A federal agency responsible for killing wildlife considered a threat to livestock must reevaluate and be more transparent about its methods, according to a court settlement that originated in Missoula.
On Thursday, the U.S. Department of Agriculture’s Wildlife Services reached a settlement with WildEarth Guardians, agreeing to update its study on the effects of its own predator management practices on wolves and other wildlife in Montana, particularly nontarget animals such as bald eagles that can be attracted to the bait in traps.
Part of what Wildlife Services agents do is kill animals, such as coyotes, mountain lions, wolves and bears, to prevent them from interfering with livestock or other agricultural operations. Taxpayer dollars pay for the various means, from poisoning to trapping and shooting.
In fiscal year 2018, Wildlife Services spent more than $27 million killing about 9,000 animals in Montana. Nationwide, the agency killed 1.5 million animals in 2018.
Aside from the body count, wildlife advocates were frustrated with the fact that Wildlife Services has been carrying out its predator elimination program using an environmental analysis that’s more than 25 years old. The last time Wildlife Services analyzed its practices and their effect on wildlife was in 1994. However, that study was based on even older research conducted in the 1970s and ‘80s.
All that is far too old to be legal. That’s why WildEarth Guardians sued Wildlife Services in November in Missoula federal court.
The National Environmental Policy Act requires federal agencies to conduct supplemental studies as new information or new science emerges, and a lot has changed since the 1980s, especially in Montana, home to some of the most intact wild ecosystems remaining in the U.S.
“This case advances 21st Century wildlife values: top carnivores living their lives free of persecution and free to carry out their critical ecological roles. Current science confirms that native predators like wolves, bears, and cougars maintain webs of life that serve us all,” said Jennifer Schwartz, WildEarth Guardians staff attorney. “We’re proud to be driving this systemic change and hope to see these settlement terms adopted on a permanent basis, in Montana, as a step towards broader changes in wildlife management reform.”

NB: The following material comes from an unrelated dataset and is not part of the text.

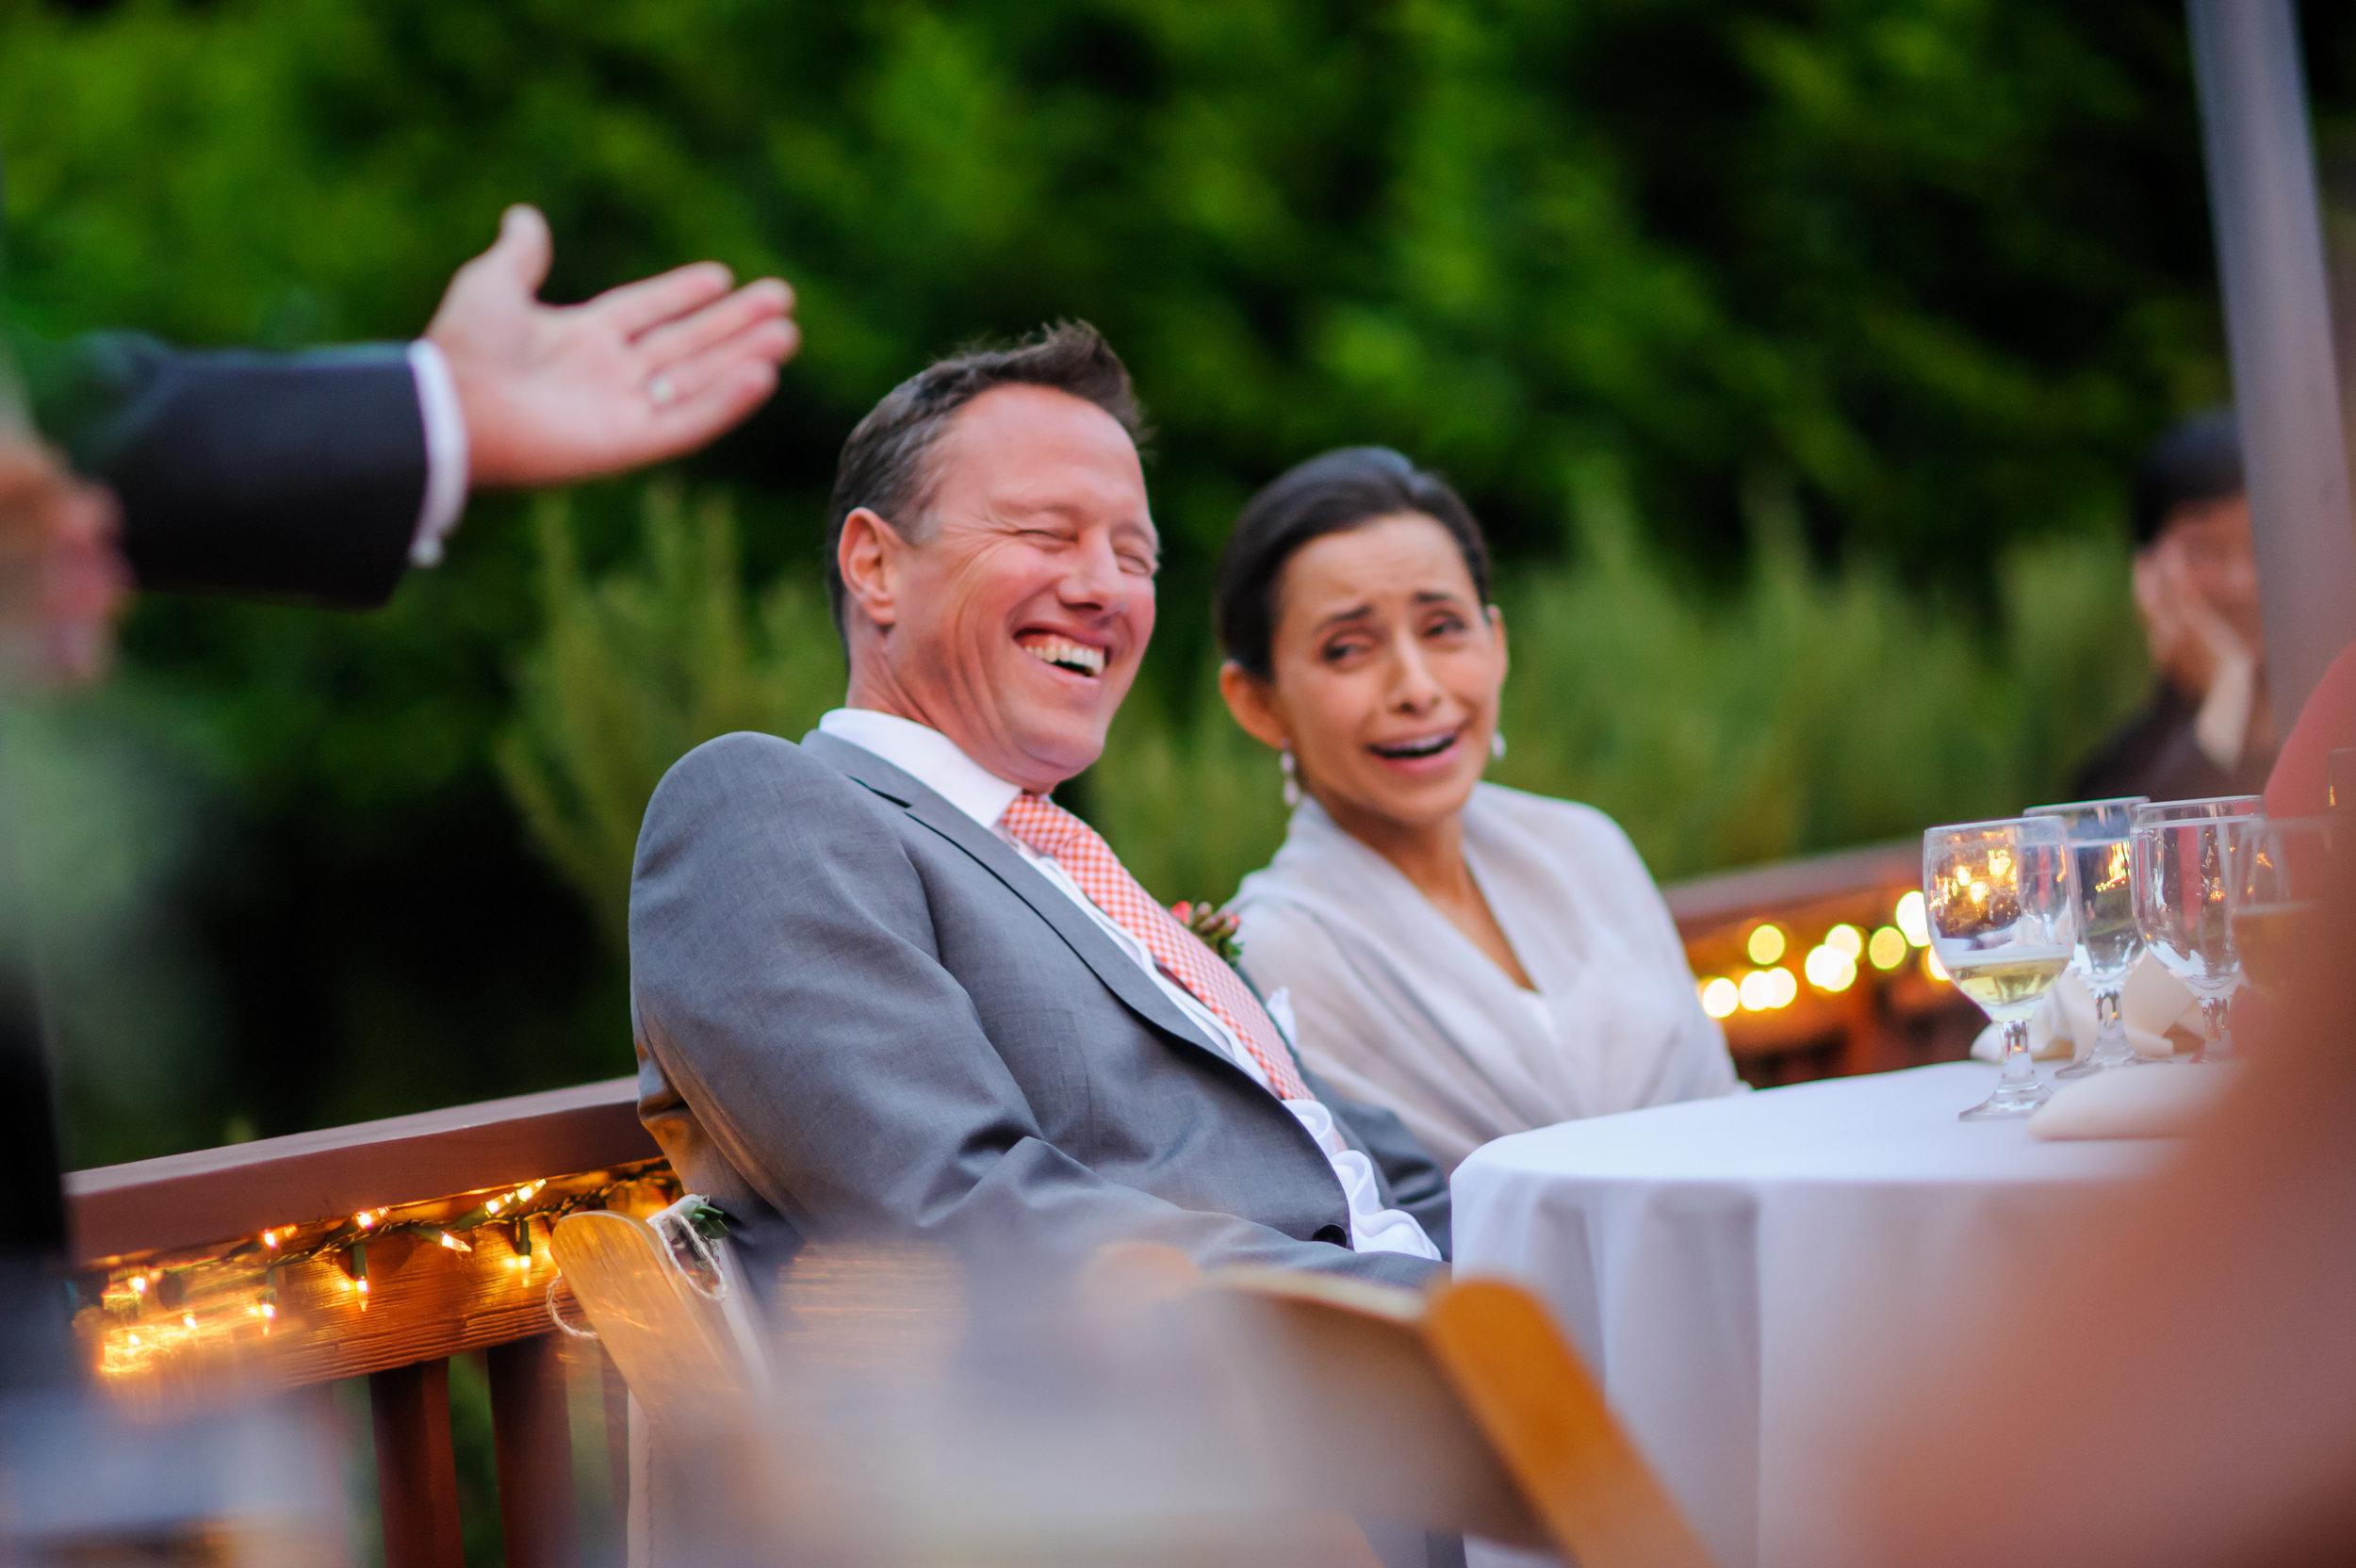 janet-jeremy-036-mountain-terrace-woodside-wedding-photographer-katherine-nicole-photography.JPG

Wildlife Services agreed to spend the next year updating its study. From there, if the agency finds that its actions haven’t significantly affected Montana’s wildlife, it can continue with business as usual. Otherwise, it would need to change its methods.
Such change could end up affecting Montana’s evolving grizzly bear plan. The governor’s grizzly bear advisory council has heard testimony from Wildlife Services agents who’ve dealt with bears that have fed on livestock and is basing its recommendations on current practices. So time will tell if that plan is affected.
In the meantime, Wildlife Services agreed to suspend several of the practices that may end up being eliminated, depending on the results of the analysis.
Most importantly, the agency won’t deploy M-44 cyanide bombs on any public land in Montana or on any land in 44 counties, including Missoula. M-44s spray sodium cyanide into the faces of animals that trigger the traps, which poisons them. But like all traps, M-44s are indiscriminate, killing whatever animal triggers them.
The M-44s received a lot of attention in 2017 when an Idaho boy and his dog triggered a trap. The dog died, the boy was injured and the family tried to sue Wildlife Services.
In August 2017, WildEarth Guardians and the Center for Biological Diversity sued to ban M-44s. They were unsuccessful, but the effort triggered a review of the use of M-44s, that are now used on a more restricted basis.
As the result of another lawsuit, the Environmental Protection Agency is reviewing how sodium cyanide and compound 1080, two pesticides used in M-44s, affect wildlife, which is supposed to be complete in 2021.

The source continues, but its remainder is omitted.